# Rosy Reds or White Clouds in a 5gal.?



## shadowpony (Apr 15, 2012)

Anyone know if I can house rosy reds or white clouds in a filtered unheated 5gal with weekly water changes. I have an airstone for the rosy reds to create a current, and my filter is rated for 100gph, so the tank would be completely filtered 20 times per hour. I heve an open space, and some cover.


----------



## thekoimaiden (Oct 19, 2011)

Both fish are very active and need large schools. A 5 gal is too small for either one of these schools. An unheated 5 gal can't hold anything. A heated 5 gal could hold a dwarf puffer, but you need to do more research before you buy them.


----------



## shadowpony (Apr 15, 2012)

Didn't think so.
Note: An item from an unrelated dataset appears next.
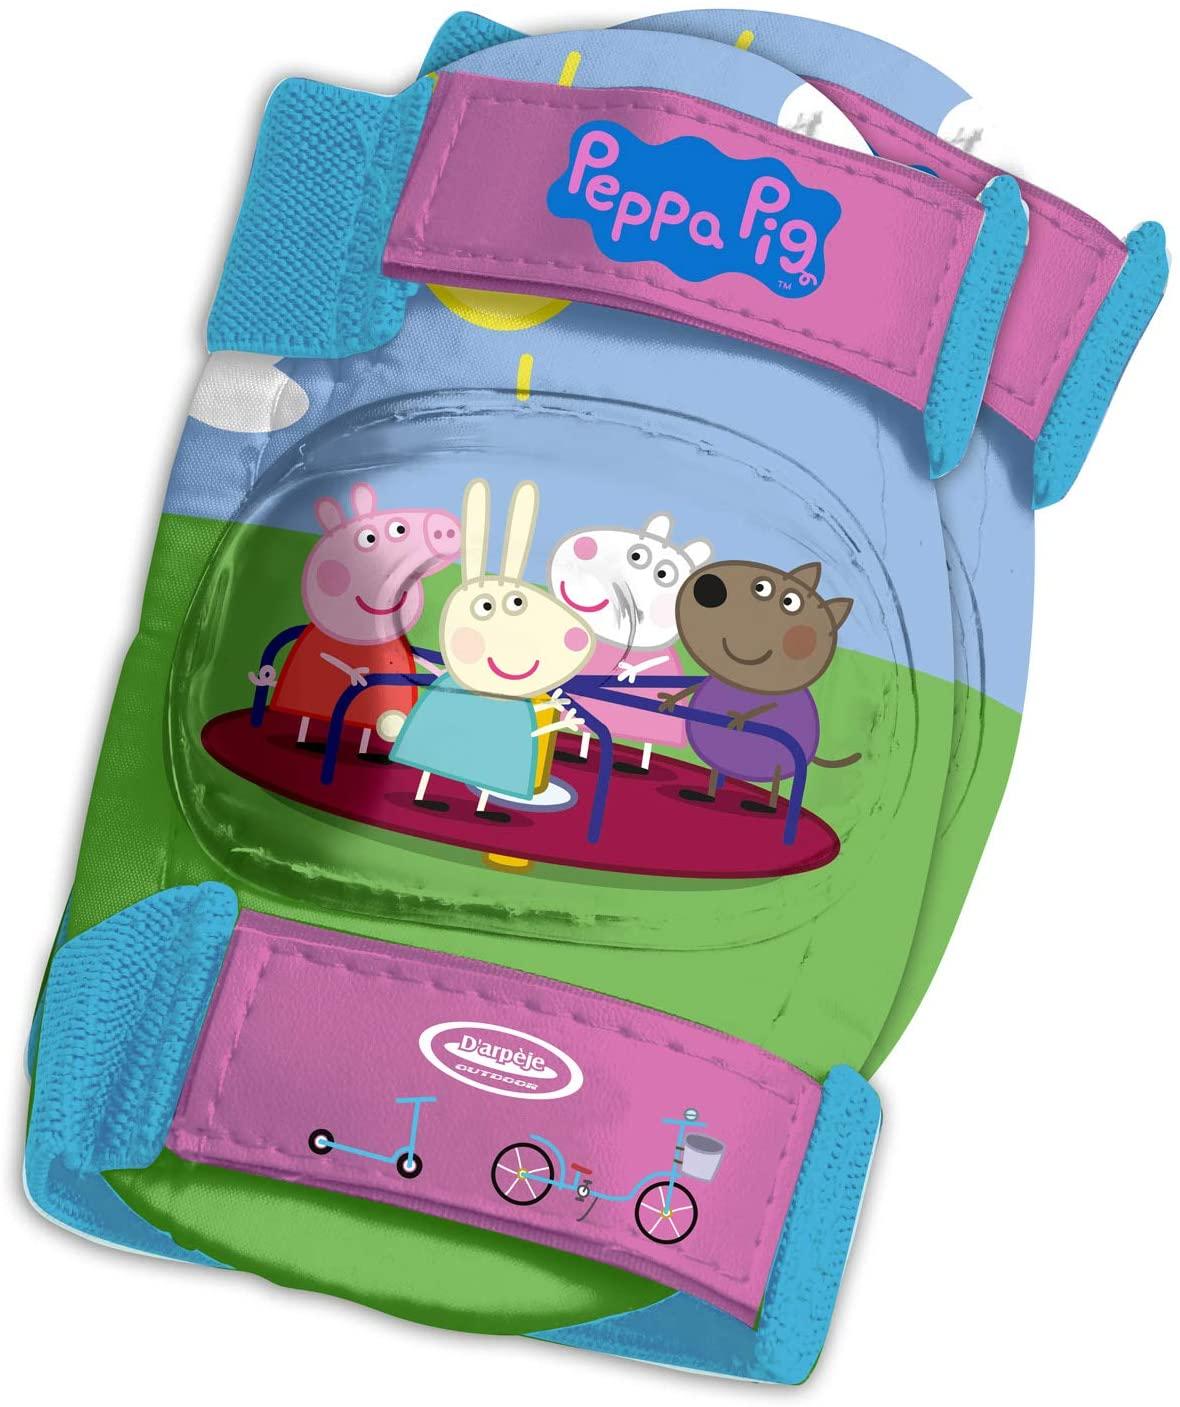 PEPPA PIG PROTECCIONES, CASCO Y MOCHILA OPEP004 - N27120

I have a heater, and I read up on puffers. I need to know if I can keep them in an unplanted tank. Also, any tips on them would be great.


----------



## thekoimaiden (Oct 19, 2011)

I remember reading that live or fake plants don't make that much difference to fish. What matters most to them is the cover that the plants provide. The added bonuses to water quality are just a plus with live plants. While I will always recommend live plants over fake plants I can understand why someone would rather use fake plants. 

Here is a neat article about how to set up a nice tank with fake plants: How to set up an aquarium with plastic plants | Features | Practical Fishkeeping

You could also try asking about puffers over at TropicalFishKeeping.com (parent site of Bettafish.com).


----------



## shadowpony (Apr 15, 2012)

Thanks. Ill post a thread there.


----------